Diffusion rates are allowed only between one hcp site and one of its three neighboring fcc sites, and vice versa. The diffusion velocities depend on the different environments (occupation of neighboring sites by other $Pt$ atoms).

2.2. Kinetic Monte Carlo Method

Monte Carlo methods are used as computational tools in many areas of physical chemistry. Although traditionally applied to obtain equilibrium properties, MC methods can also be used to study dynamic phenomena [43,44]. In the KMC method, every step consists of a random selection of one of many possible processes. The probability of a process being selected is directly proportional to its rate, which is represented as a fraction of a segment containing all processes that may occur in the system (see Figure 1). The rates of all possible processes are stored in an array of length $nsites+ndiffusion$, where $nsites=2\times L\times L$ is the total number of surface sites (where each component of the array is associated with a rate equal to $v_{dep}$ if the site is available or 0 if it is not, i.e., when the site or one of its three neighboring sites is occupied), and $ndiffusion=3\times nsites$ is the total number of possible diffusion movements from each site to one of its three neighboring sites (where each component of the array is associated with a rate equal to $v_{dif}$—different for each environment—if there is a particle that can diffuse or 0 otherwise).
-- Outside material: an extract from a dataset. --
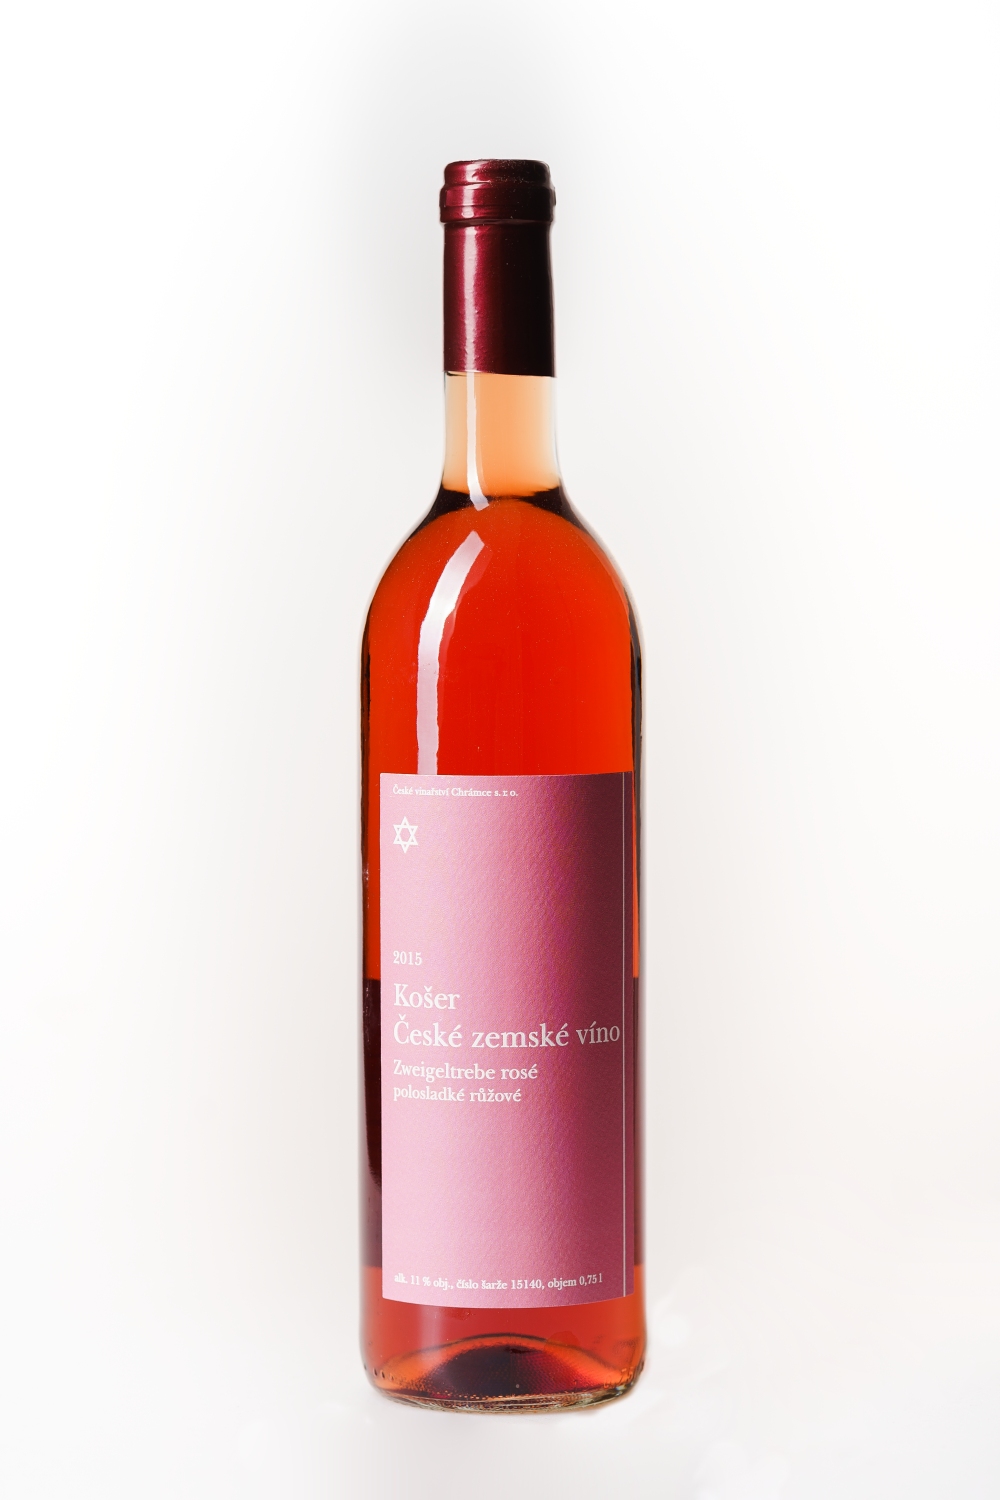 Zweigeltrebe rosé košer 2015 polosladké růžové víno 0,75l

Using a random number, the next process to occur is selected with a probability proportional to its rate.

Once the randomly chosen process has occurred, all possible processes are calculated and stored again in the corresponding fraction of the segment, and a time increment of $\Delta t=-ln\left(u\right)/\sum v_i$ is added, where u is a random number between 0 and 1, and $\sum v_i$ is the sum of the rates of all possible processes. This choice of the time increment is due to the assumption that we are dealing with a Poisson process [42,43,44]. A general flowchart of the employed algorithm is shown in Figure 2.
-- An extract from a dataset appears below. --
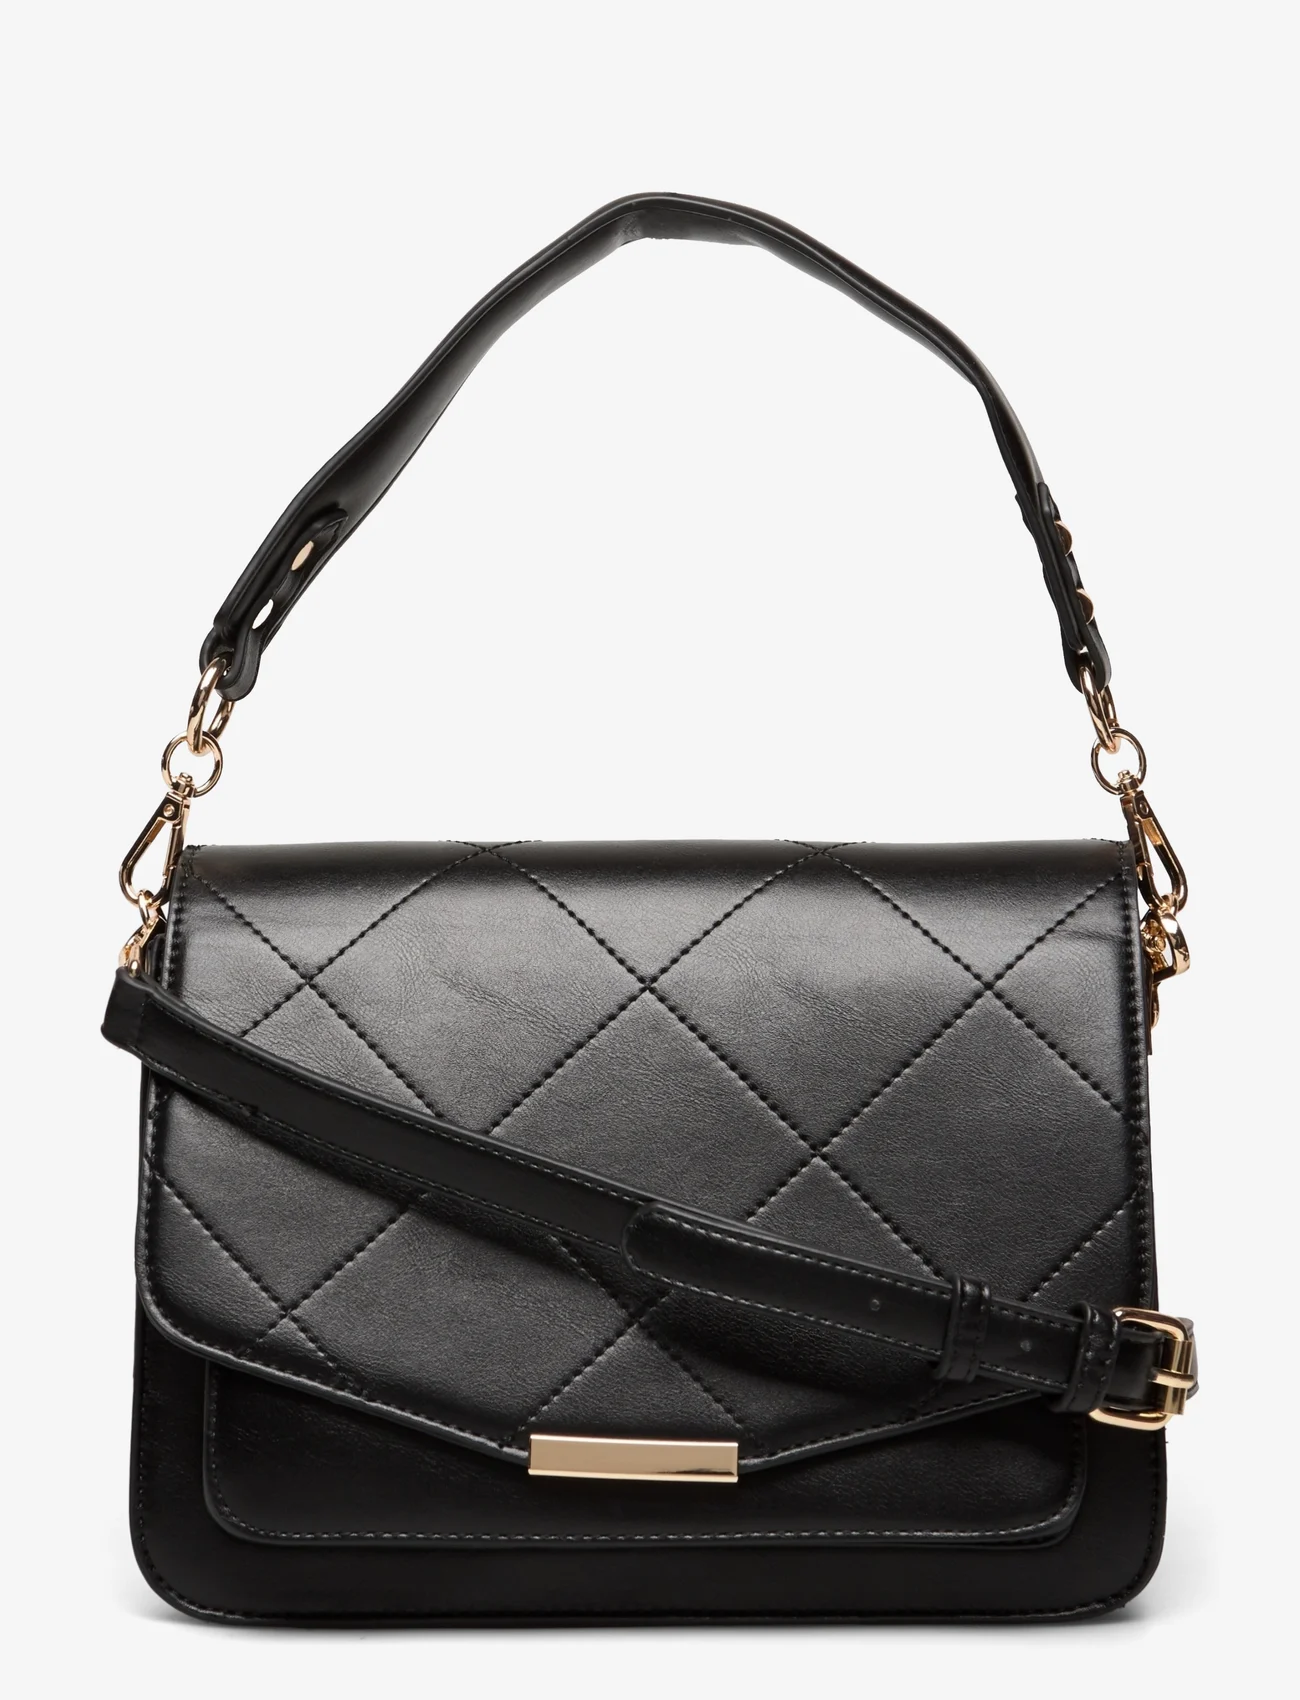 Noella - Blanca Multi Compartment Bag - vakarėlių drabužiai išparduotuvių kainomis - black leather look - 0

To model the $\left(111\right)$ gold surface and the possible adsorption sites for $Pt$ atoms, a lattice containing three types of sites on the $\left(111\right)$ surface was generated. One type of site corresponds to the positions of the $Au$ atoms of the substrate. The other two types of sites correspond to the possible positions at which adatoms can be adsorbed, that is, at $fcc$ and $hcp$ sites. The corresponding geometry is shown in Figure 3, where the positions of the $Au$ atoms of the surface are also shown for clarity.
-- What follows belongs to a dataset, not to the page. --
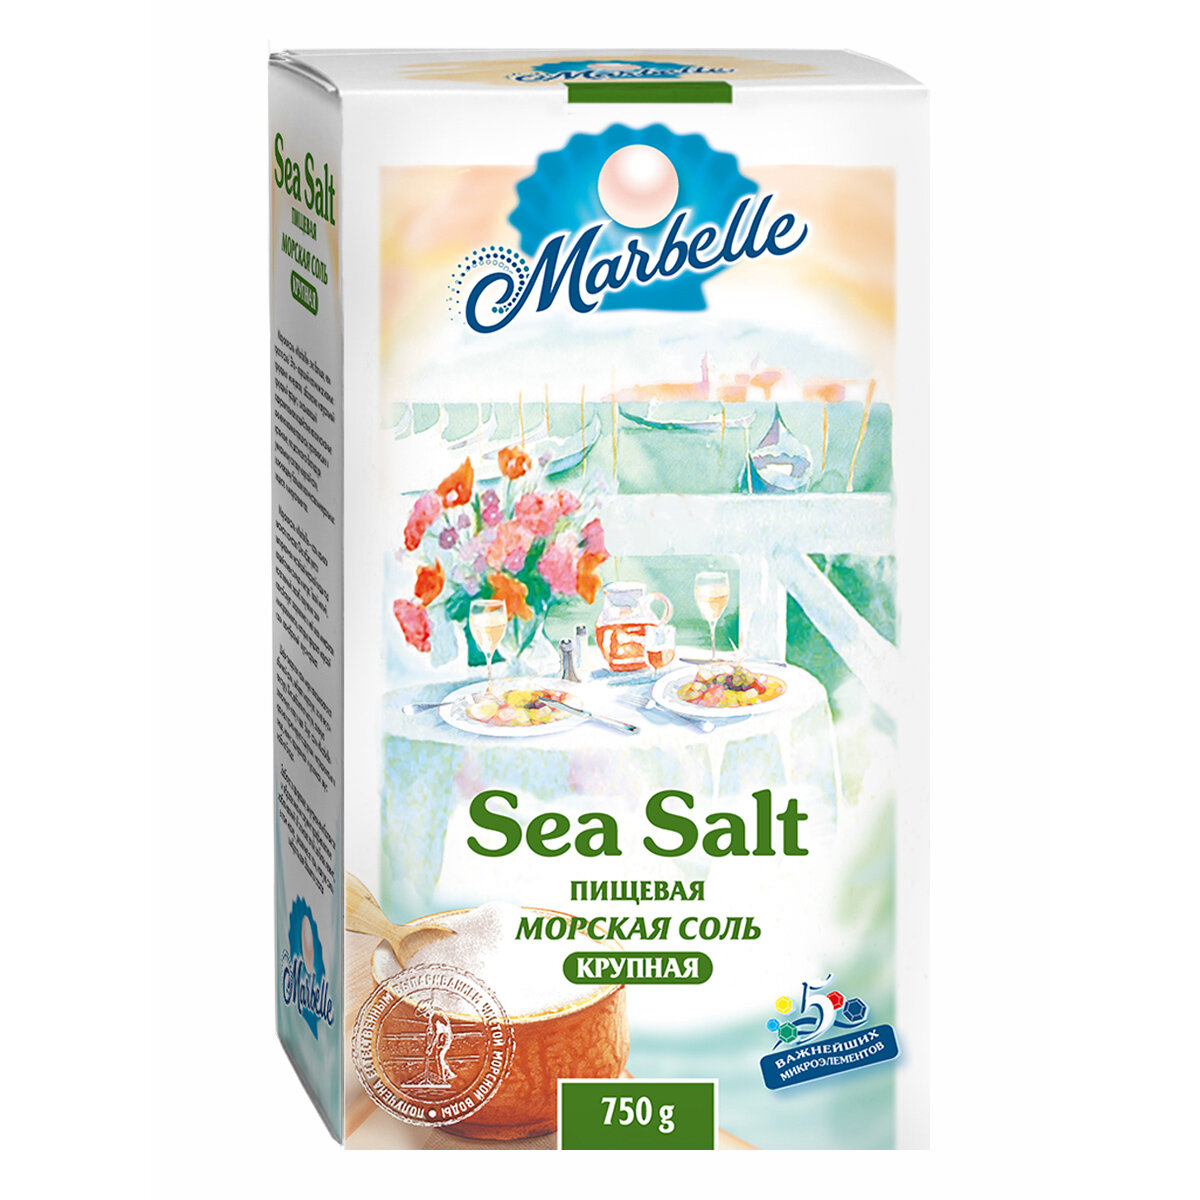 Соль морская натуральная пищевая, крупный помол, Marbelle, 750 г

We say that a system is of size L when it is made of a plane that has $L\times L$ fcc and $L\times L$ hcp adsorption sites. The values of L analyzed here were 10, 20, 30, 40, 50, 60, 70, and 80. The adsorption of atoms is restricted in such a way that when a $Pt$ atom is adsorbed at an fcc (hcp) site, none of its three neighboring hcp (fcc) sites can be simultaneously occupied. This restriction is schematically depicted in Figure 3: the red arrows show the $Pt$ adsorption at the hcp site, its possible diffusion toward one of the three neighboring fcc sites, and the blocking of adjacent hcp sites; the black arrows show the $Pt$ adsorption at fcc sites.

For the diffusion of adatoms, the restriction of their motion is such that one atom adsorbed at an $fcc$ ($hpc$) site can only diffuse toward one of its three $hcp$ ($fcc$) neighboring sites (see Figure 3), with the condition that the final site and its corresponding neighbors (of the other type) must be empty to allow the move.

At each KMC step, two possible processes may occur: diffusion of an atom toward one of its neighboring sites if it is empty or adsorption of a $Pt$ atom. Thus, the adsorption process is considered irreversible. Surface alloying is not considered in the present approach, but it could be included in future formulations.

2.3. Energy Calculation

To calculate the velocities for adatom diffusion in different environments, a simple model based on embedded-atom method (EAM) calculations was used [47]. This method takes into account many-body effects; therefore, it represents the metallic bonding better than a pair potential. El-koraychy et al. [48] found that EAM and DFT results are in very good agreement, validating the embedded-atom approach for heteroepitaxial growth.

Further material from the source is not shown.